[ABOUT THIS TASK]:
Every line below is to be given again precisely; images are to be left out.

[DATA EXCERPT]:
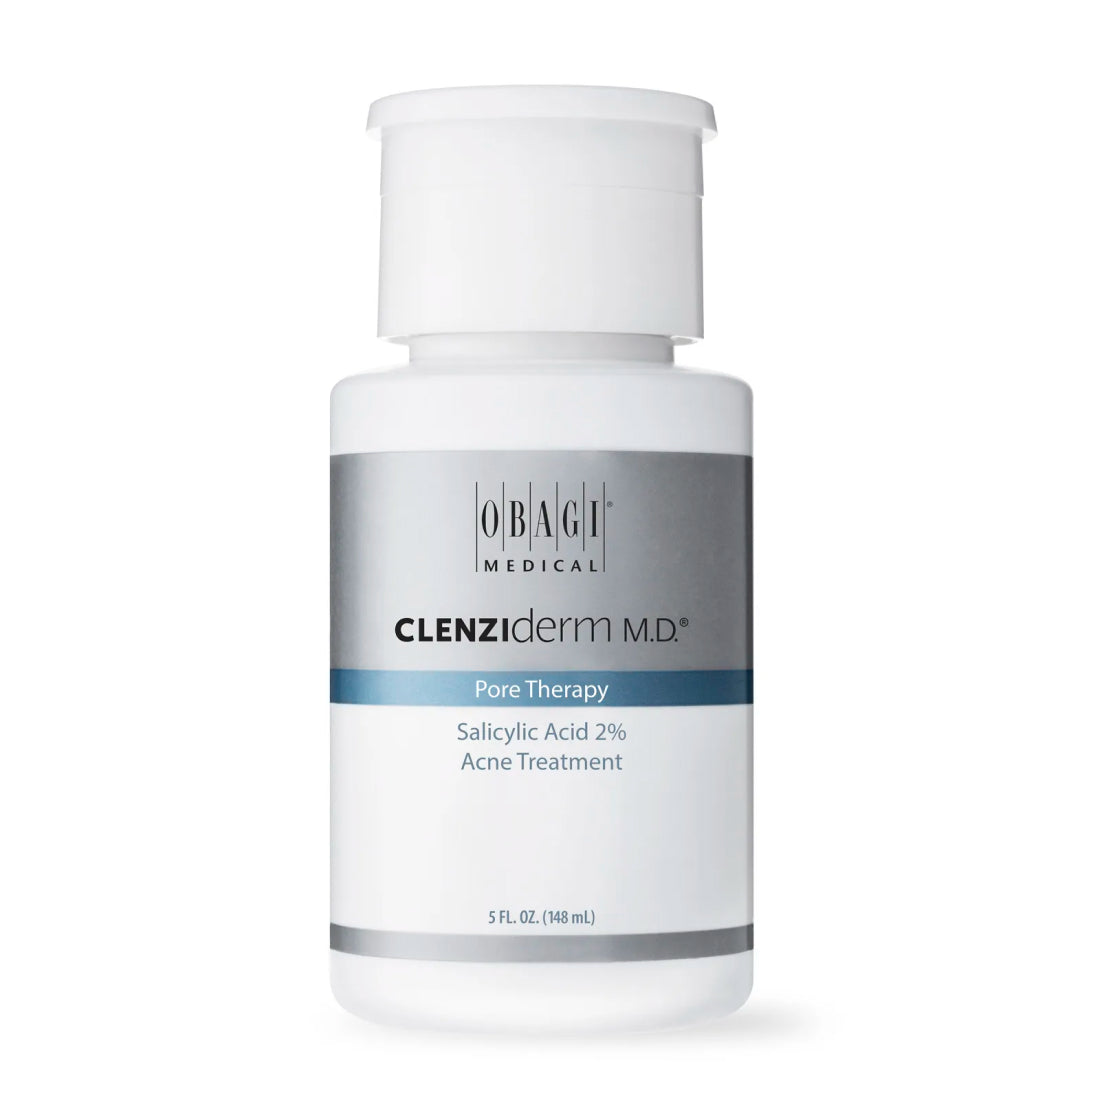 Obagi Medical – Clenziderm Md Pore Therapy
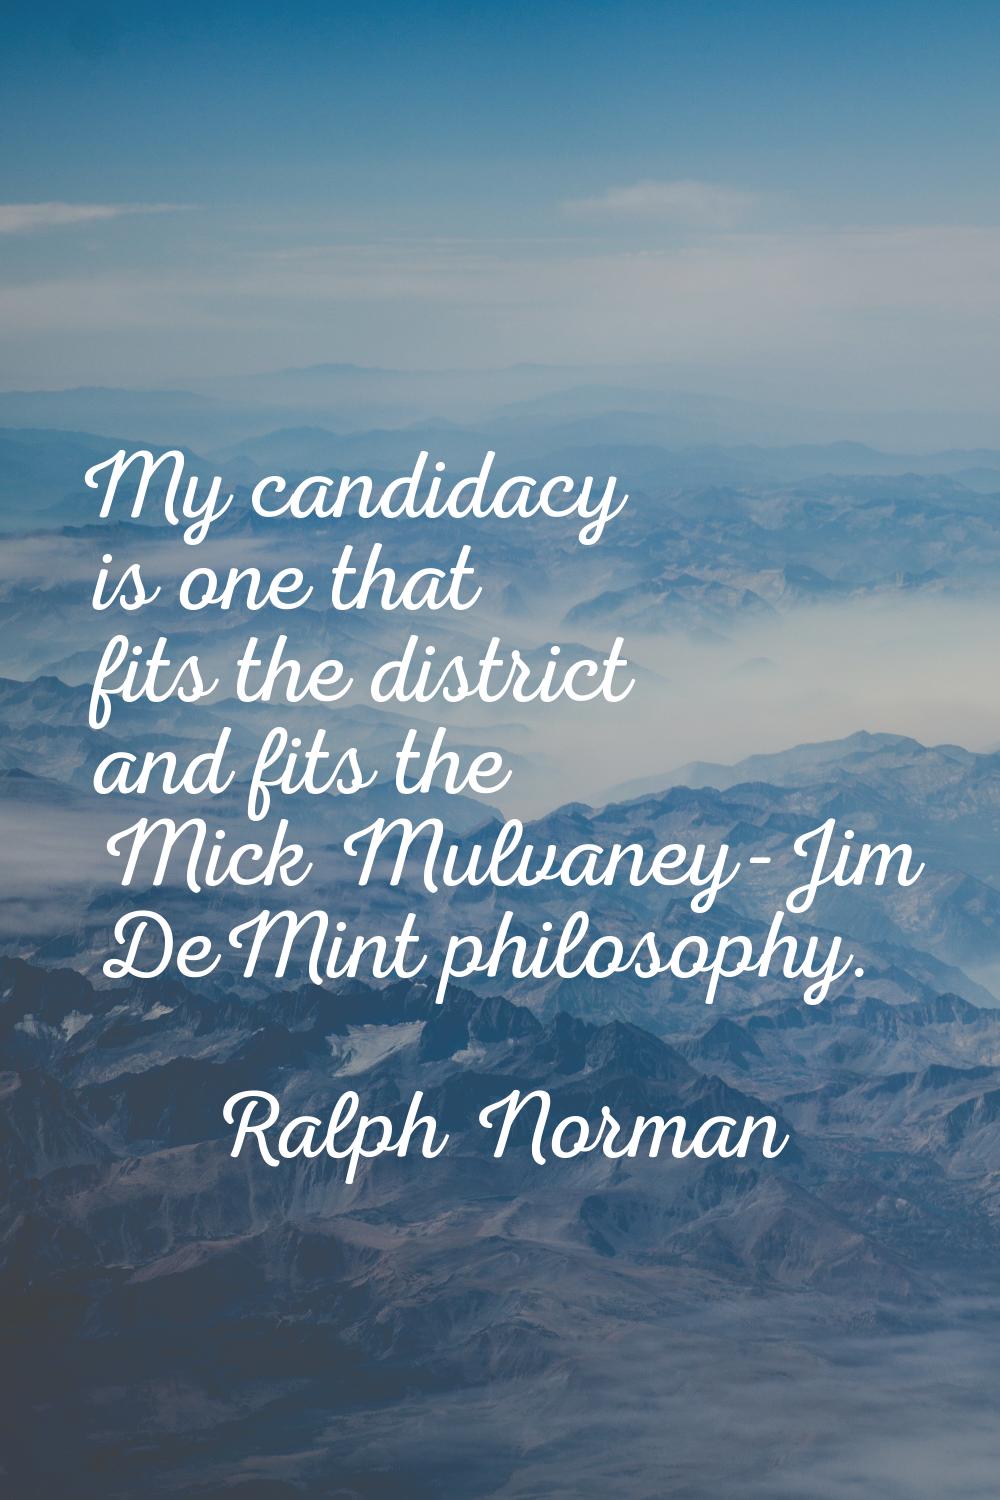 My candidacy is one that fits the district and fits the Mick Mulvaney-Jim DeMint philosophy.
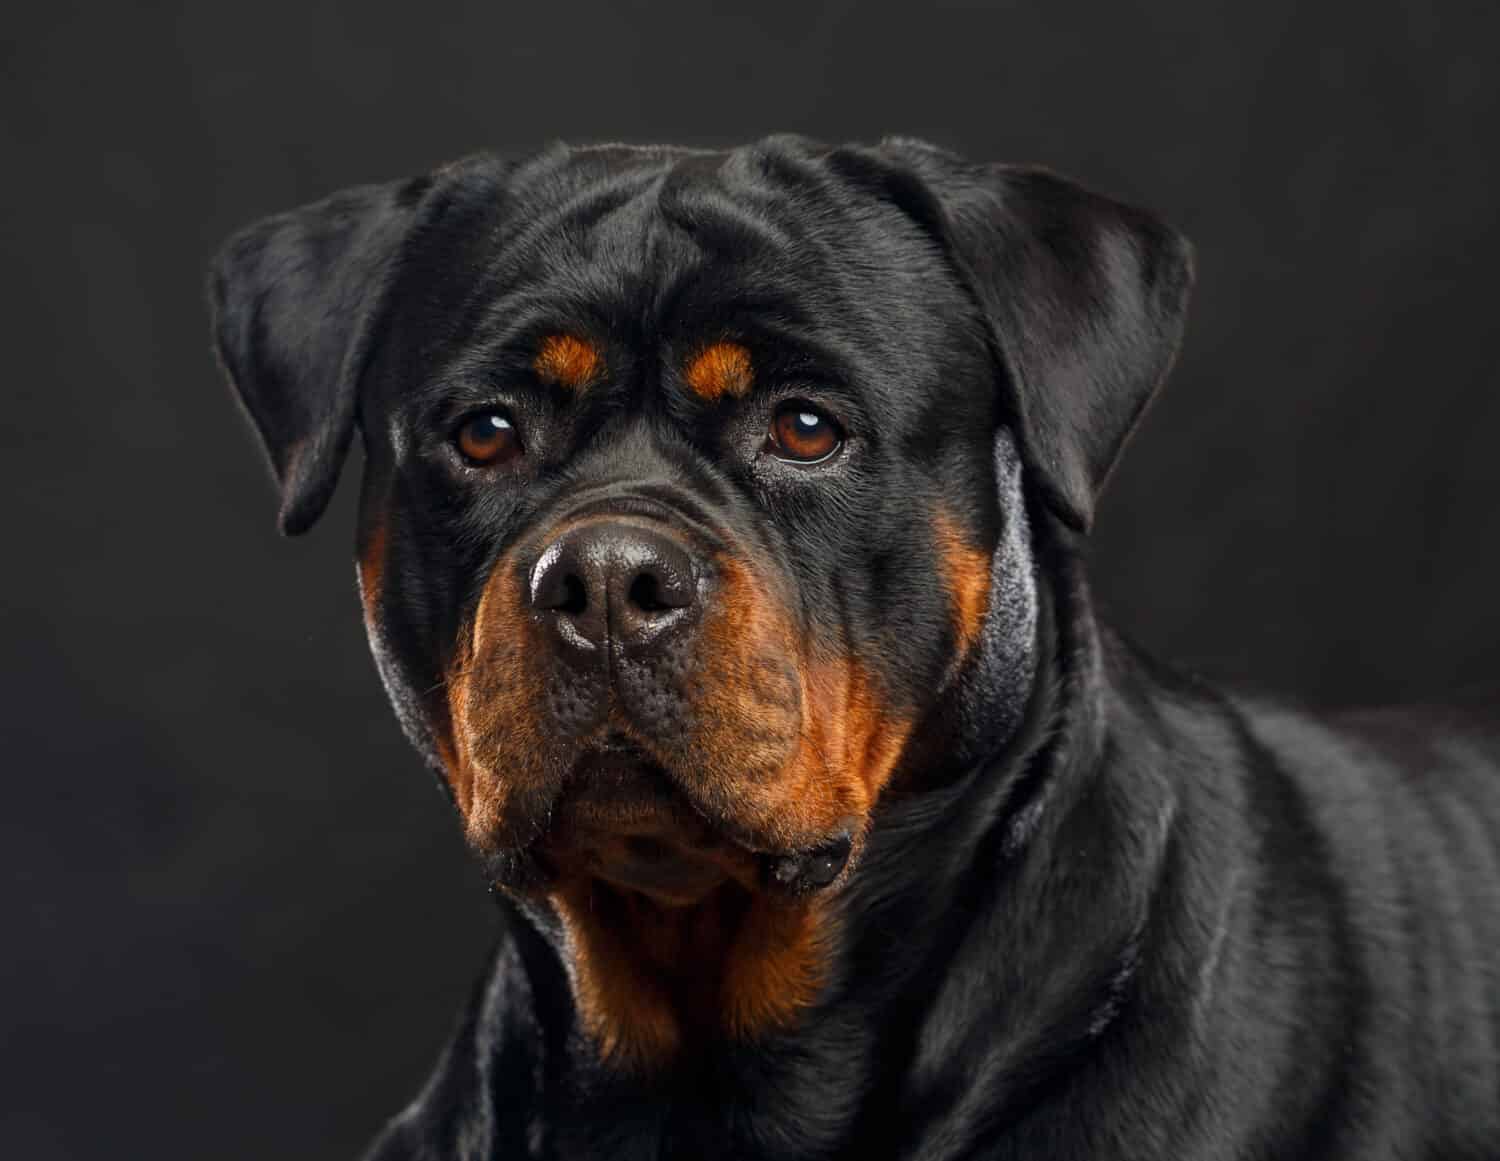 how much do rottweiler dogs cost?
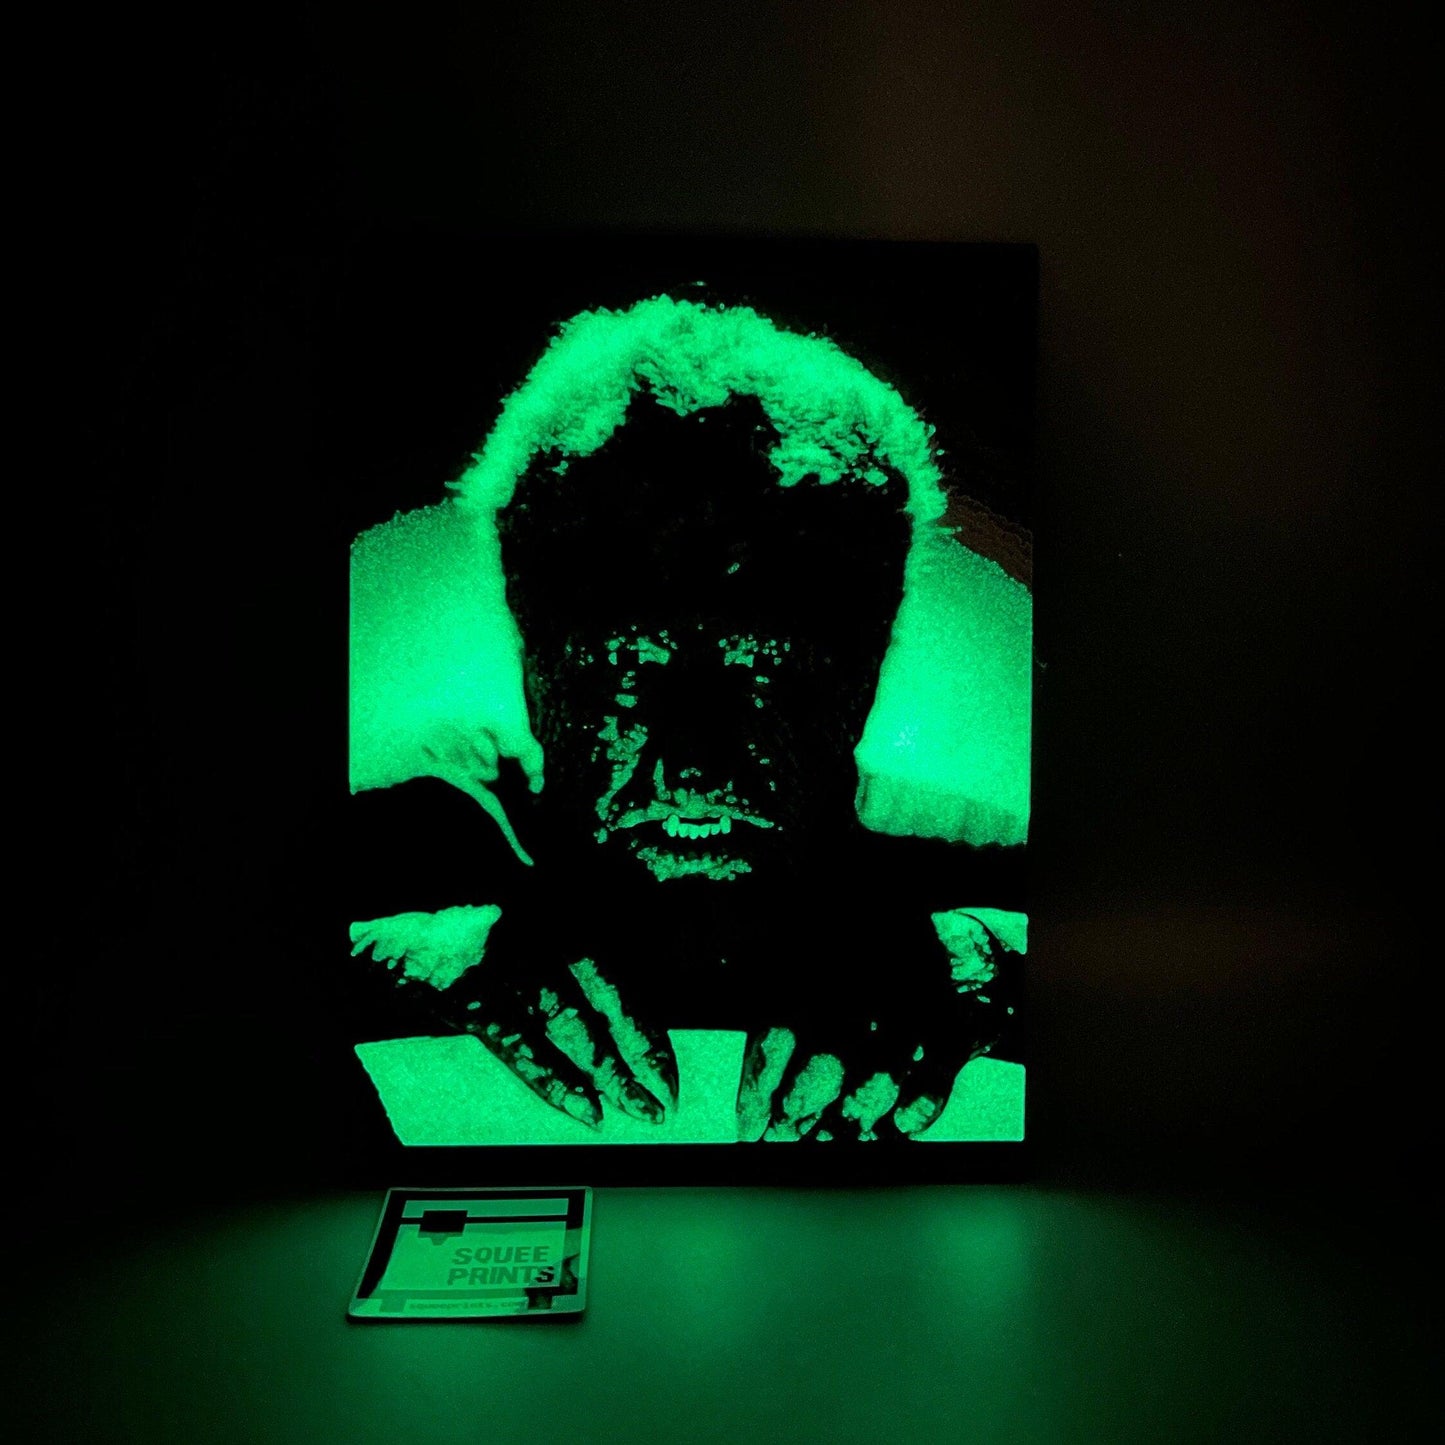 The Wolfman | 3D Painting | Glow in the Dark - Squee Prints

[RESPONSE TO THIS EXERCISE]:
 Obagi Medical – Clenziderm Md Pore Therapy
 My candidacy is one that fits the district and fits the Mick Mulvaney-Jim DeMint philosophy.
 how much do rottweiler dogs cost?
 The Wolfman | 3D Painting | Glow in the Dark - Squee Prints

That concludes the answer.